Молчание. Я стою, не шевелясь. Рычащее:
— Ну!
Я молчу.
Лейтенант ждет минуты три, потом берет из рук надзирателя хлеб, сахар и кружку чая и кладет всё это на столик.
— Кушайте, заключённый! — произносит он задушевным голосом доброго папы. — Кушайте, а то чай остынет! Будьте благоразумны и берегите здоровье!

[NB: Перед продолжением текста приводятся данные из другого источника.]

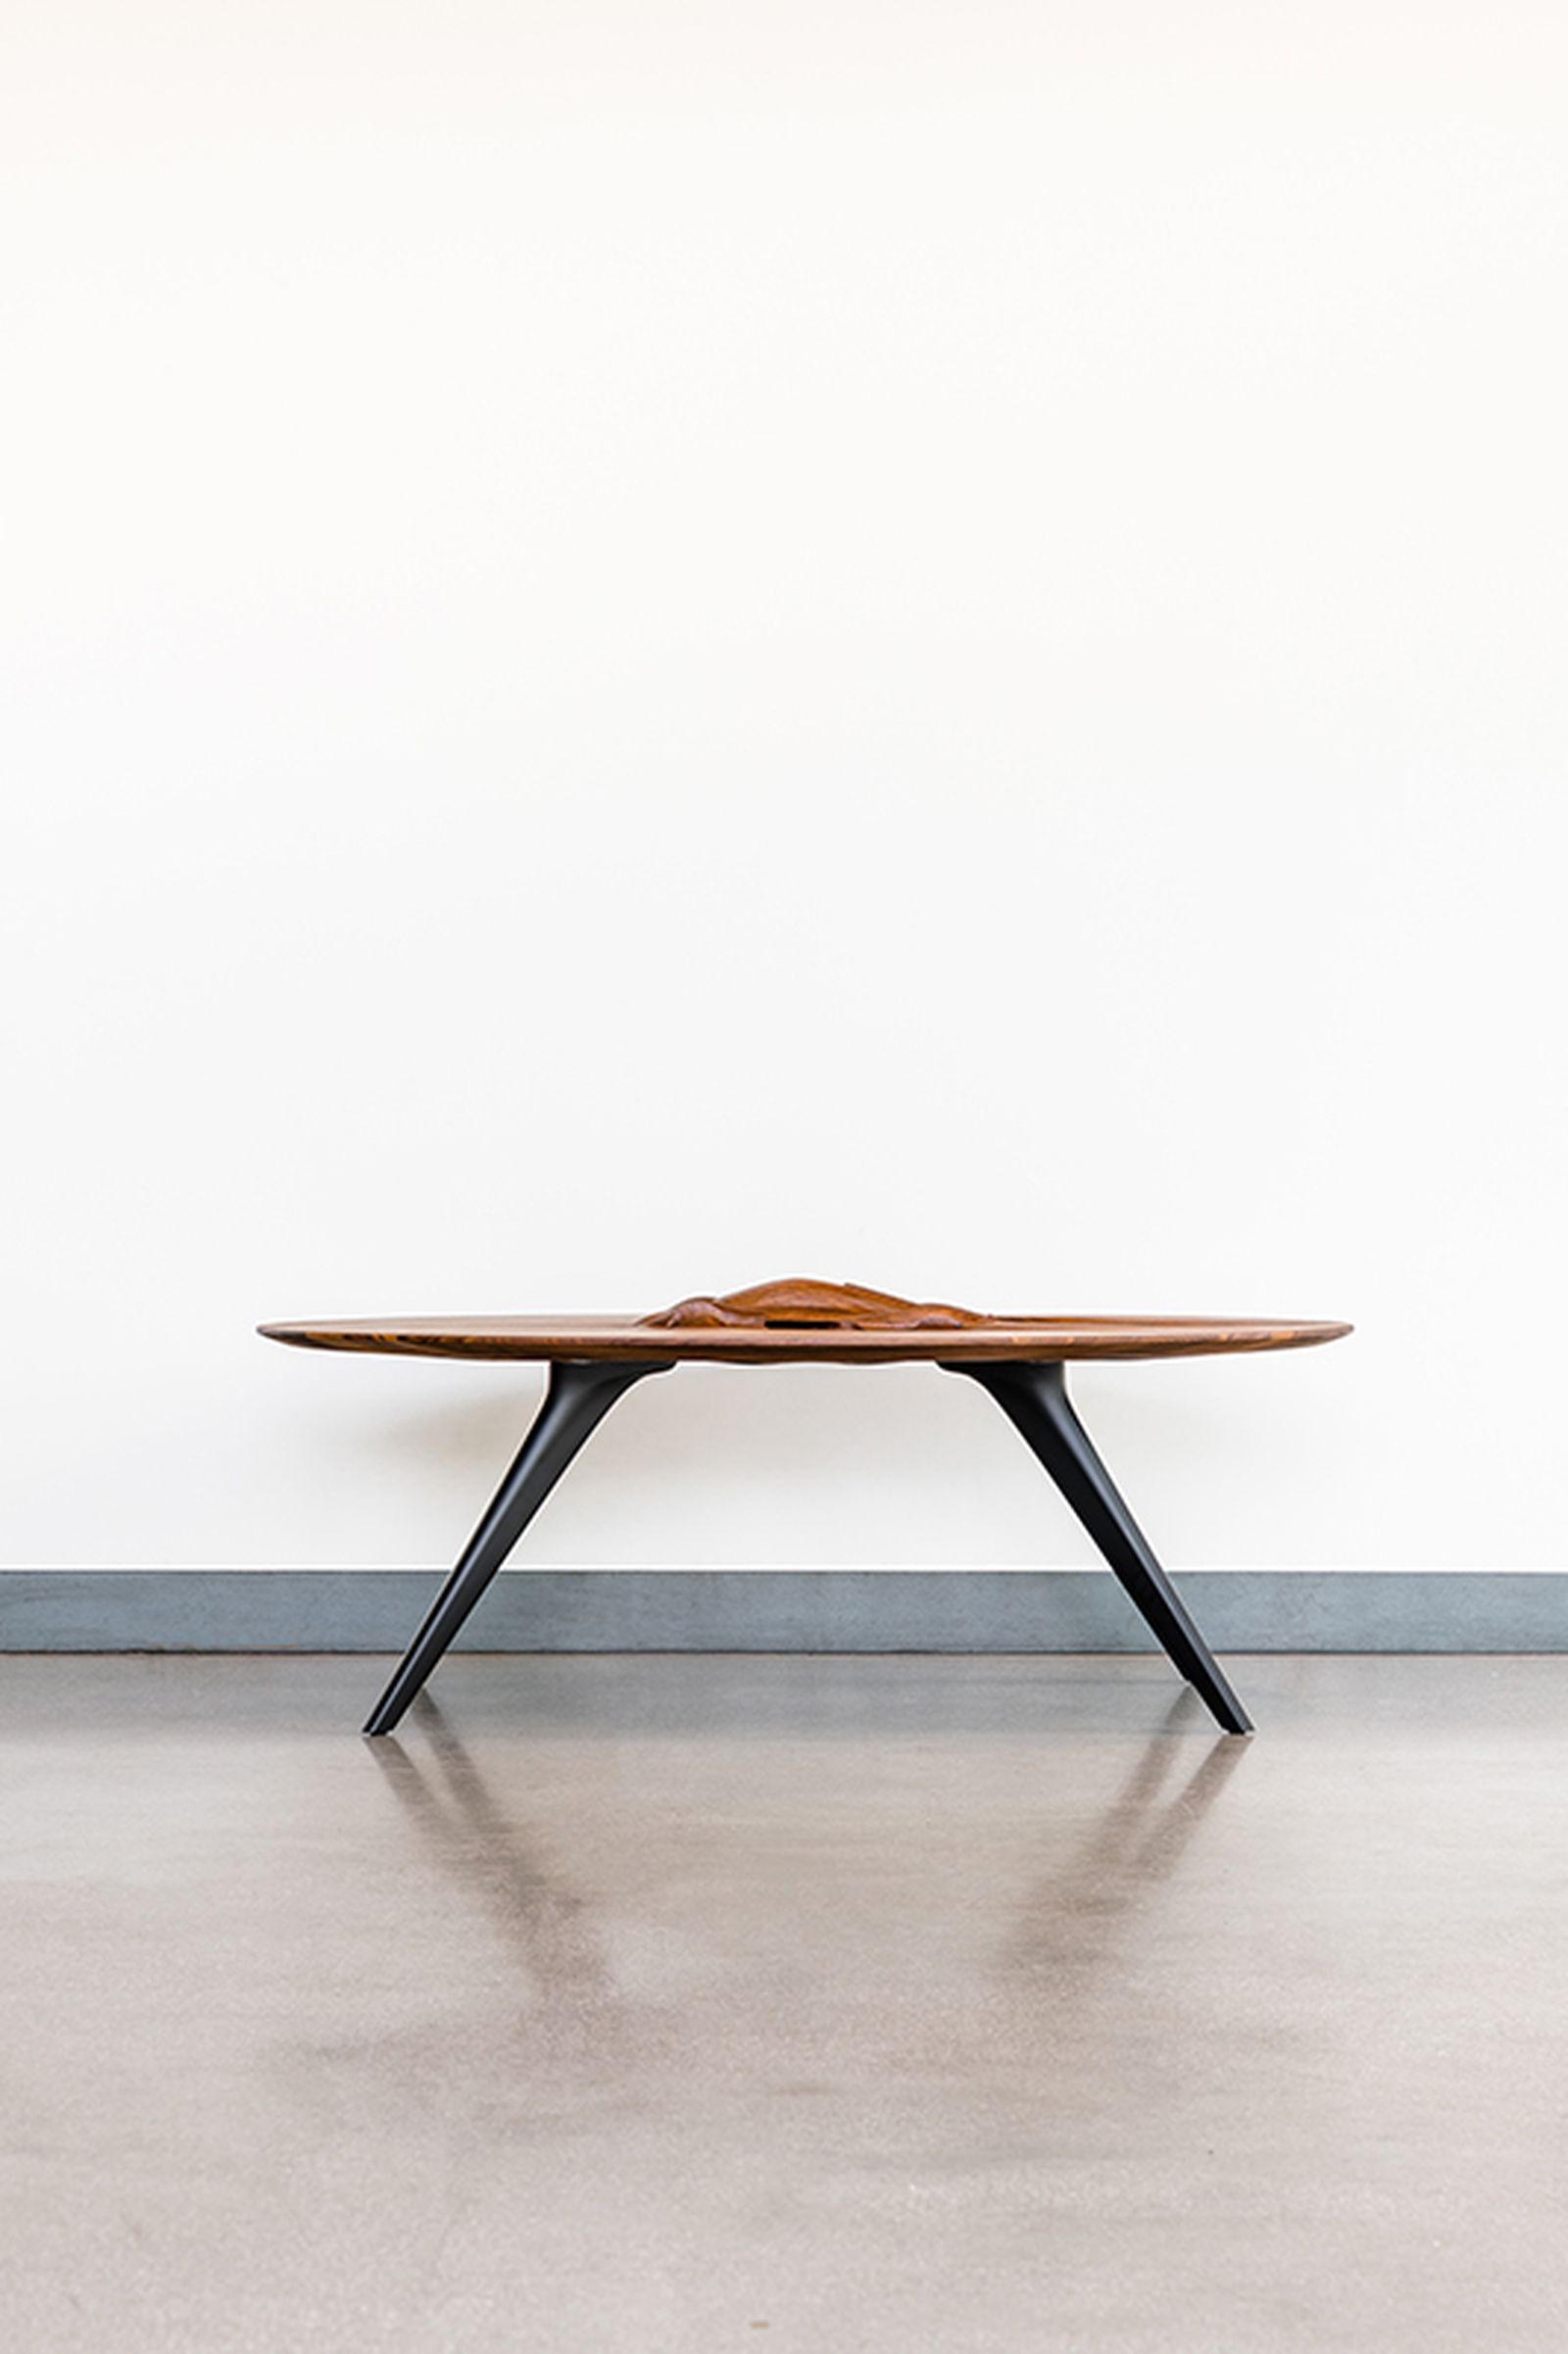 aston martin valkyrie wake coffee table discommon

И, приятно улыбаясь, боком выскальзывает вон. Я слышу опять громкий шёпот и новые шаги: глазок открывается и остается открытым: ко мне приставили особого наблюдателя. А между тем муки стояния и сиденья на рельсе идут своим чередом. Обед я не принимаю, и его ставят на стол рядом с завтраком, меняя при этом остывший чай на горячий. Я не притрагиваюсь к пище. Её не убирают, а вечером добавляют ещё и ужин. Маленький замёрзший столик дымится и благоухает.
— Кушайте, заключённый, кушайте! Помните, что на воле вас ждут, — вы не имеете права так издеваться над собой! Жизнь ещё не кончена! Может, вас амнистируют, и вы снова увидите жену, детей. У вас есть дети?
Я молчу, спиной прижавшись к промёрзлой стене.
— Не хотите отвечать? Напрасно. Я вам зла не желаю. Я выполняю службу. Ешьте, не подводите ни себя, ни меня! Ешьте, пока каша горячая!
Всю ночь глазок не закрывался.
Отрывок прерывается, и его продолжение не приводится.